AgentRewardBench established benchmarks for evaluating process reward models (PRMs) that score individual reasoning steps. The step-level correctness and severity labels produced by trajectory_eval are directly usable as PRM training data. Each annotated step becomes a training example with a ground-truth quality signal.

Anthropic's "Demystifying Evals for AI Agents" (2025) argued that agent evaluation should focus on trajectory quality, not just outcome correctness. They identified several failure modes (premature termination, tool misuse, reasoning errors) that correspond directly to the error taxonomy categories in this guide.

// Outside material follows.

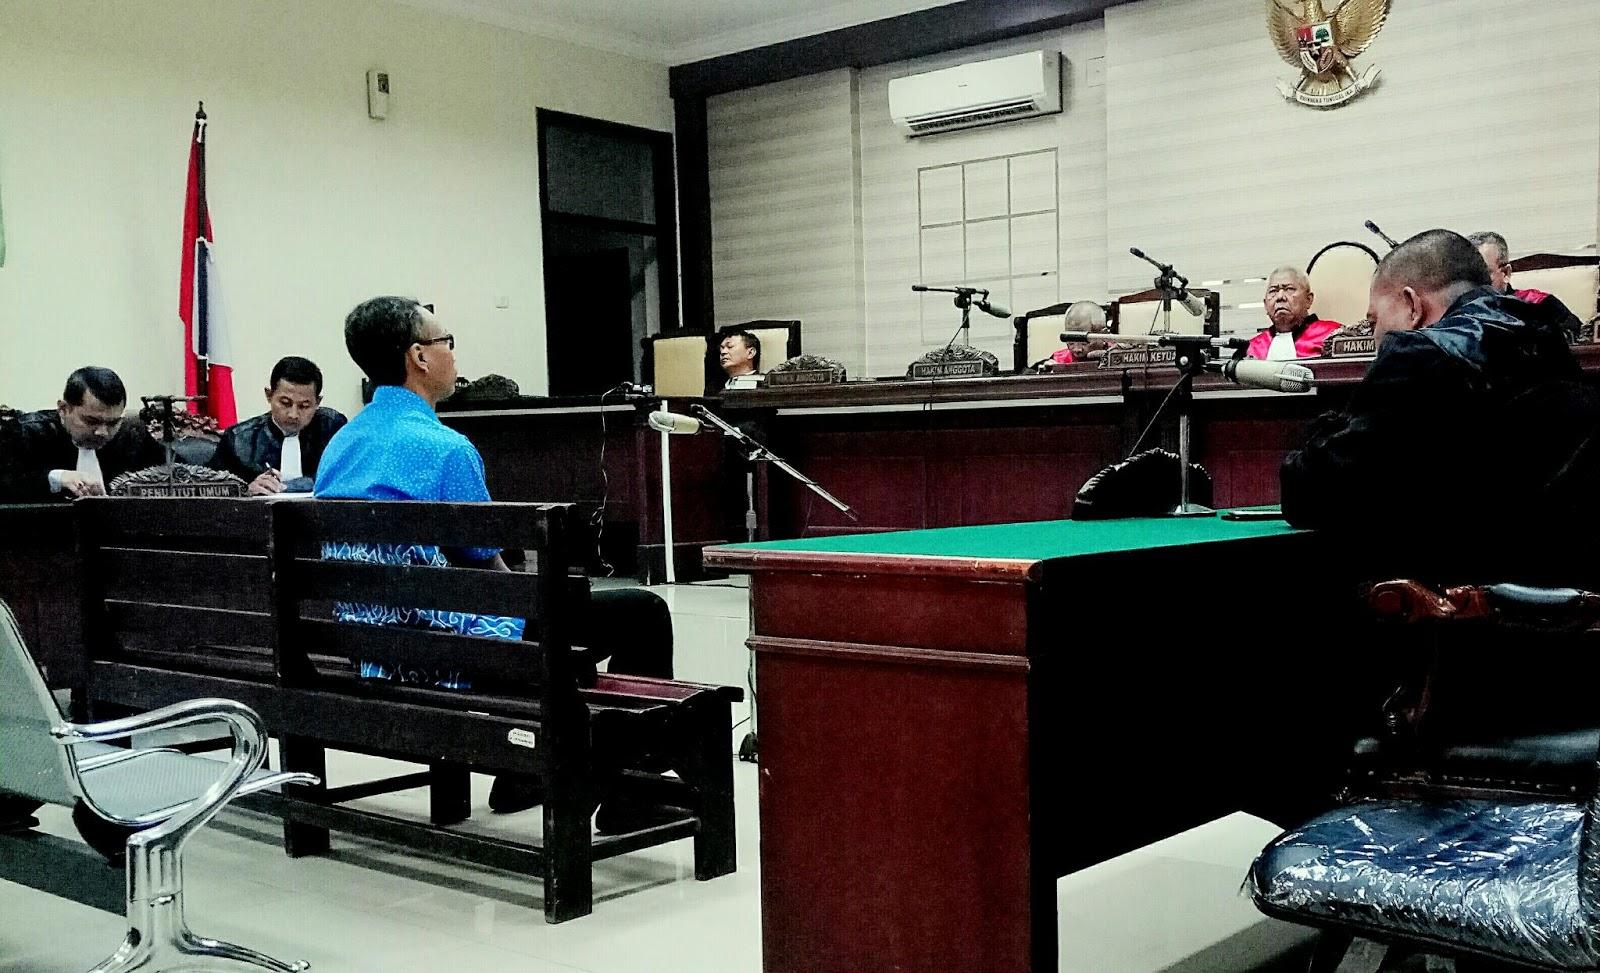 Sidang Ke 18 Kasus Ott Dugaan Suap Proyek Pens Terdakwa Wiwiet  # Muebles Coarte Manta

The severity-weighted running score in Potato also maps naturally to the reward signals used in reinforcement learning from human feedback (RLHF). A score curve that drops sharply at step 5 of a 20-step trace tells you exactly where the agent needs improvement, making it more actionable than a single end-of-trace reward.


Summary

The trajectory_eval schema transforms agent evaluation from a binary pass/fail exercise into a detailed diagnostic process. By combining hierarchical error taxonomies with severity scoring and running score tracking, you get:

  • Error localization: Know exactly which step went wrong
  • Error classification: Know what type of error occurred
  • Severity assessment: Know how bad the error was
  • Trend analysis: Know where in traces errors cluster
  • PRM training data: Step-level labels ready for process reward model training

Start with the full taxonomy in this guide, then refine it based on your agent type and the error patterns you observe. The most useful taxonomy is one that maps to actionable improvements in your agent.